Scott Wegener is a multi award-winning creative writer who believes in looking on the lighter side of life’s predicaments but still values how serious life is. This site features a wide variety of Scott's published and performed works. If you want to use any of these pieces, or commission something origional, contact Scott Wegener

Nov 2, 2006

Buckets of Trouble

A moment of gardening innovation for Scott Wegener led to an afternoon of scientific challenge—and a moment of enlightenment.
Signs of the Times, November 2006
Aussie Stories, 2010
Aussie Stories for Blokes, 2013

I had been scheming for weeks about how I could utilise some of the drain-bound water from our unit’s guttering system. There were several rosebushes stranded undercover— never feeling the wet of rain. To avoid the effort of having to water them by hand, I planned to divert some of our gutter water down a pipe and into a large bucket reservoir that would ultimately distribute the water of life to the needy rosebushes. It would be automatic, free and environmentally responsible.


I envisioned a watering system that would equal the impressive watering technique of the Hanging Gardens. In fact, my watering system would be so awesome it would end up being the primary feature of the garden, trumping even the roses it was to water. I dreamed of family and friends visiting just to see our famous “watering marvel.” Having found all the other items I needed, I hunted around for a large bucket. All I could find were two large buckets that had been stacked together for several years. A quick attempt at separating the two showed they must have built a close relationship over the years.

I tried again, this time with more force—holding the outside bucket down with my feet and pulling at the rim of the inside bucket. No success; their bond was too great.

I wiped my brow, cricked my neck and psyched myself up like an Olympic weightlifter about to attempt for gold.
I gripped tight and—Three . . . Two . . . One . . . HEEEAVE! Eyes scrunched shut, veins popping, making my face bright red, my body convulsed as if I’d just completed a swim around Antarctica.

A roar of disappointment and relief emerged as I realised that victory was not possible—a retreat had been called by my brain. My ears were ringing, much like the sirens of an overheating power plant about to explode.

Conceding a round-three defeat, I stopped and let the blood drain out of my face. I knew I would have to outsmart these buckets.
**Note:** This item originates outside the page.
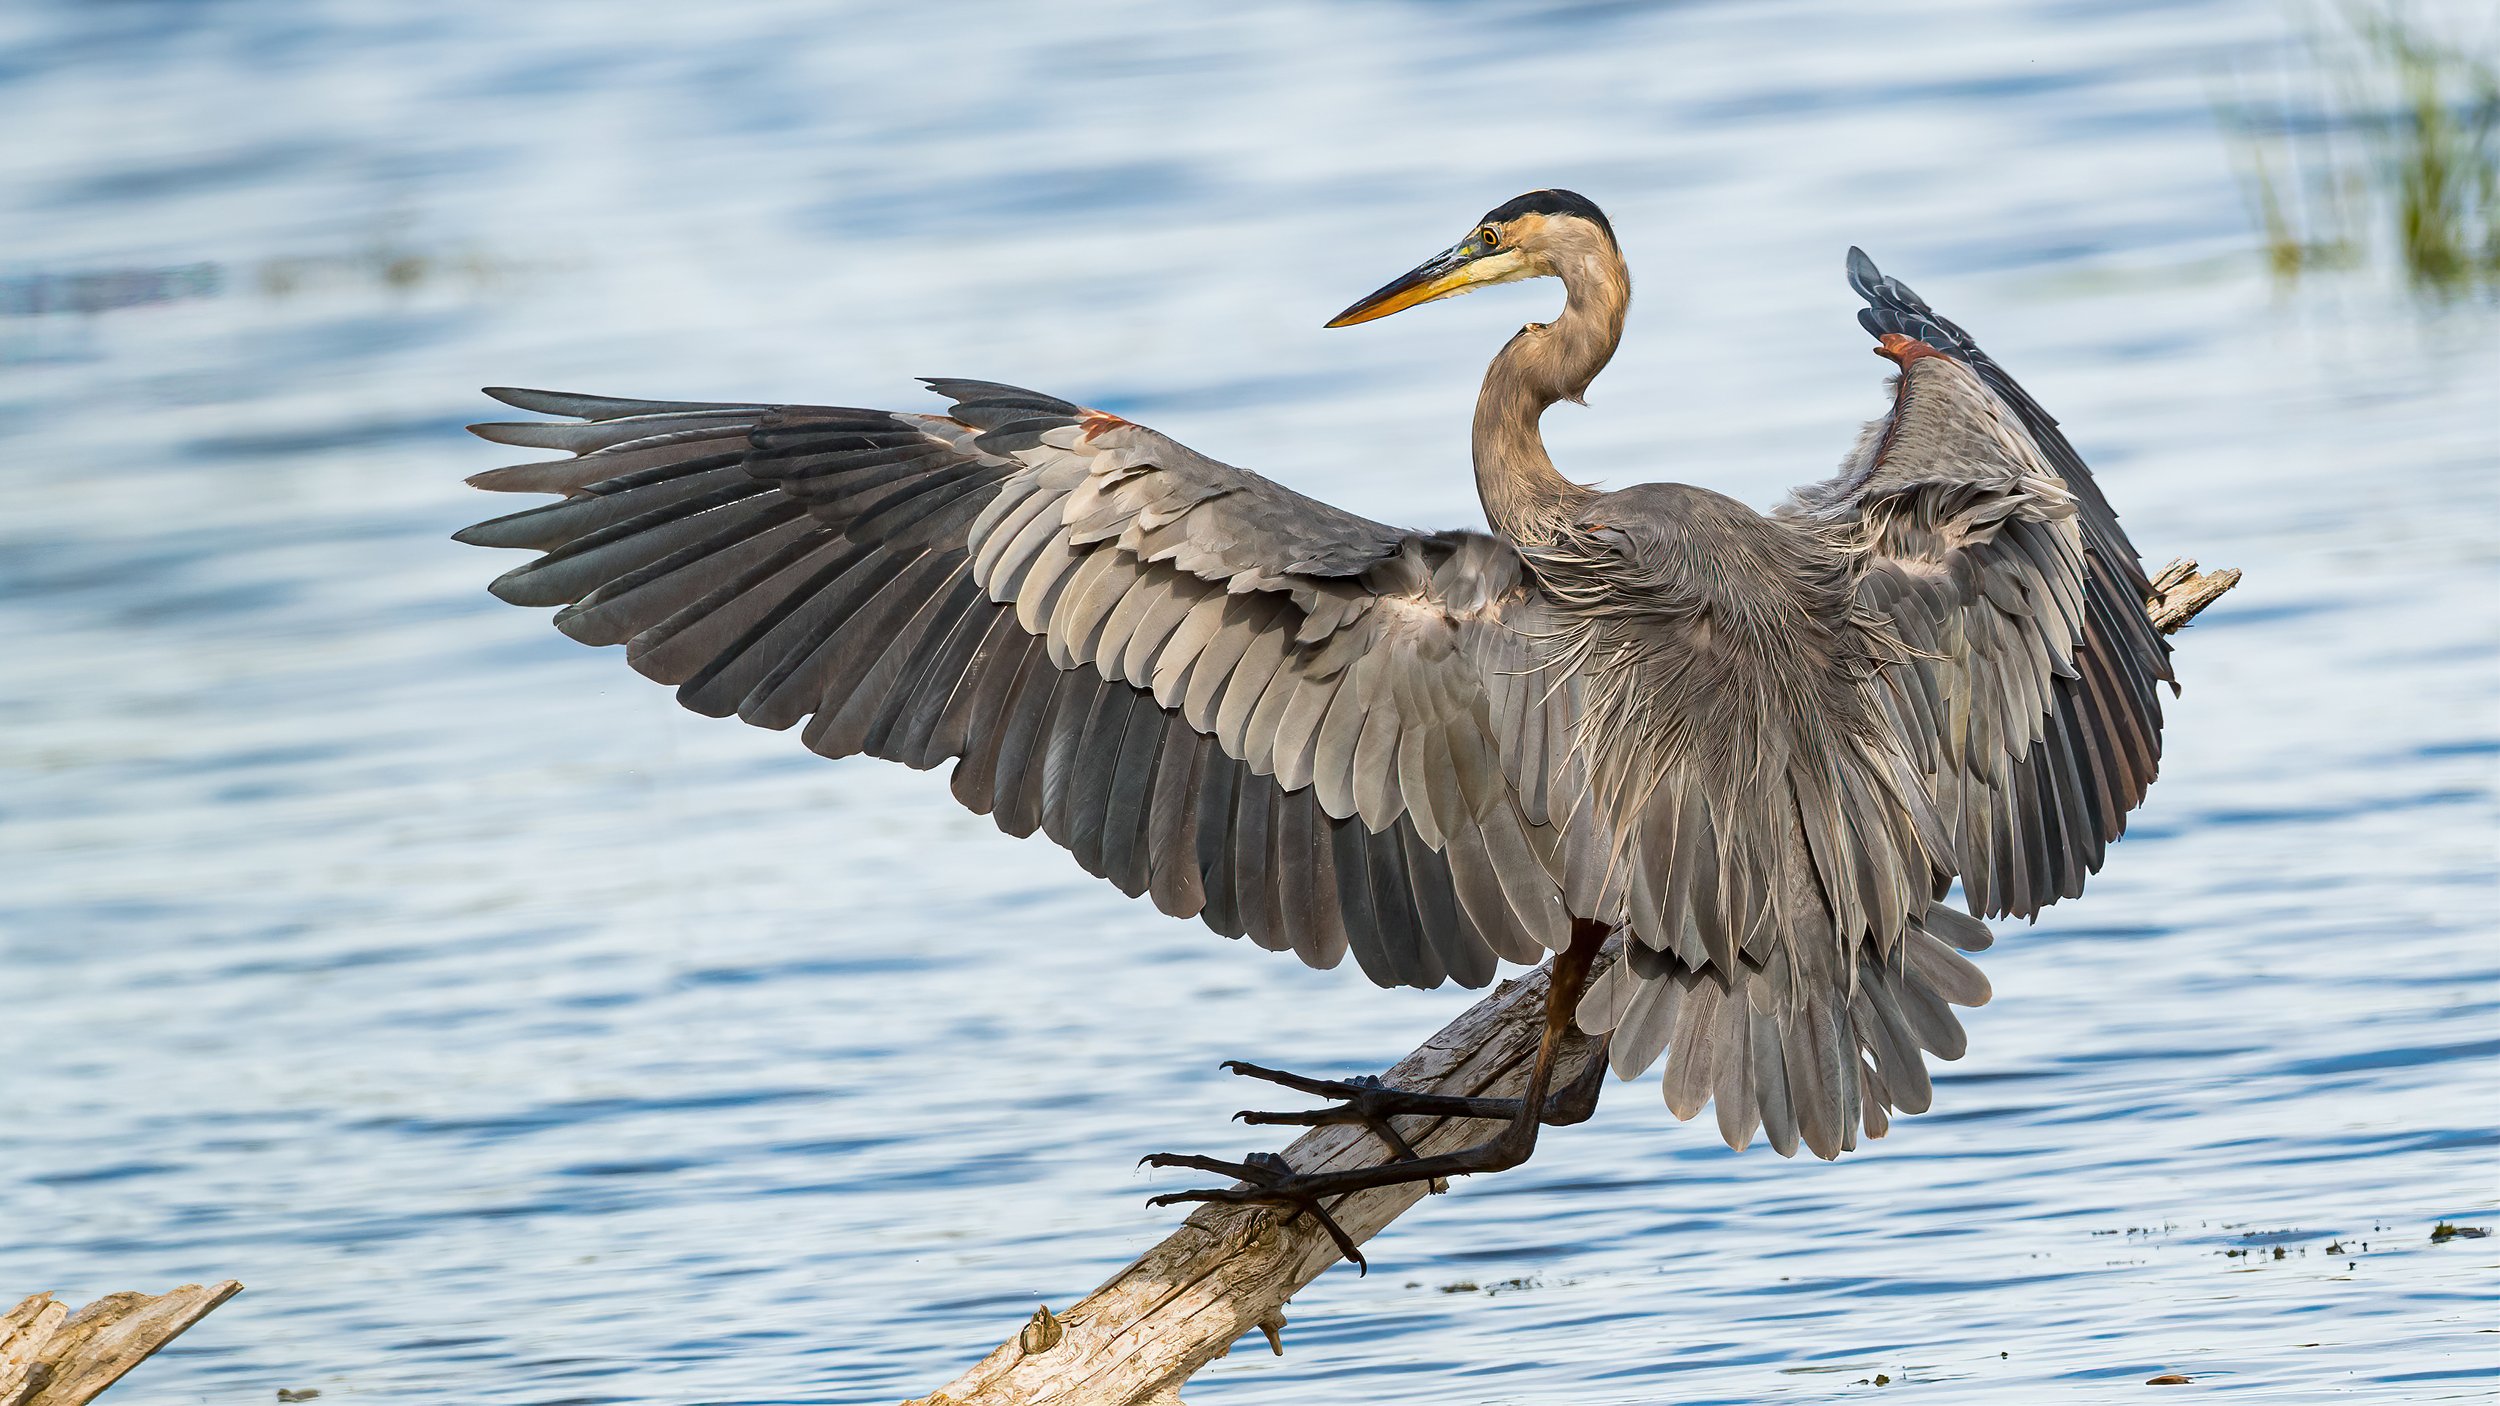 11 A great blue heron spreads its wings as it lands on a branch over the water.jpg

While a solitary bucket may look fairly unintelligent and ineffective, where there’s two or more, they are a force not to be underestimated.
I tried a screwdriver down the side to loosen them. Didn’t work. I thought of heating up the outside bucket and cooling the one inside. That sounded like a complicated procedure, so I kept thinking.
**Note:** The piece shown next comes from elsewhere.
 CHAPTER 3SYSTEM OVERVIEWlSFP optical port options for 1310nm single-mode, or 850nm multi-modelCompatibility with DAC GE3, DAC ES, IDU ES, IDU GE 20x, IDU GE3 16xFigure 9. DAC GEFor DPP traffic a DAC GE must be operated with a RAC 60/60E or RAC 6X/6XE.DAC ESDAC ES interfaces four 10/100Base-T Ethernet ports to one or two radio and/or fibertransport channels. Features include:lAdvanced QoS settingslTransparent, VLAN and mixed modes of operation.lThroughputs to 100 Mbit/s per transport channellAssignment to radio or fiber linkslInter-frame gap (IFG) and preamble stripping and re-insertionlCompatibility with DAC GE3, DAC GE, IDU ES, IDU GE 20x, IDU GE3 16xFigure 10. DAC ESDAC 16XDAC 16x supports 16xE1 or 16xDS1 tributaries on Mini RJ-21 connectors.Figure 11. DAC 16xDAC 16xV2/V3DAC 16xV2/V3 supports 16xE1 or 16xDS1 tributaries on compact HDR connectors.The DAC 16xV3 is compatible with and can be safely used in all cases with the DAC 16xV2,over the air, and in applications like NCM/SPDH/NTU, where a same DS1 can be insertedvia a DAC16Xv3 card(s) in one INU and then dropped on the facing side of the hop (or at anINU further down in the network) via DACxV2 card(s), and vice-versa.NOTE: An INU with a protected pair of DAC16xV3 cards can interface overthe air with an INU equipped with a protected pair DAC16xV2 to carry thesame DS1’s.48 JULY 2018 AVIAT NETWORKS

Almost out of ideas, something came to me from high school science class (or perhaps from experimenting while doing the dishes). What if there was a vacuum effect happening. No air could enter the cavity as they were being pulled apart.

Hoping to solve my problem I drilled a hole, the diameter of a garden hose, in the bottom of the outside bucket. I was going to do this anyway as part of the watering system. I thought this would allow air in and reduce any vacuum effect hindering the separation of the buckets.

So, hole in place and feet clutching the bottom bucket once more, pre-lift psych-up routine complete, I was in position for another heave—Three . . . Two . . . One . . . HEEEAVE, WHISTLE, THUD, CLANG! The whistle was the sound of air entering the hole as the buckets effortlessly separated. The thud was me ending up heels-over-head on my tail from the unnecessary amount of effort I’d put in.
The clang was the bucket I was pulling hitting the garage door behind me.

Again, mixed emotions. “Yay for me, the buckets are free,” and “OUCH!”

While I could probably draw many lessons from this story (like: “Something so small can have such a big effect on something seemingly so unbeatable”; “Sometimes seemingly destructive things happen but end up being for the better”; “You never know when what you have learned will come back to help you later in life”; “Never give up”; and “Be wary of buckets that hang out together”), I’ll leave you with the good news that my watering system did work wonderfully well. In fact, not long afterwards it flooded my backyard—but that’s another story!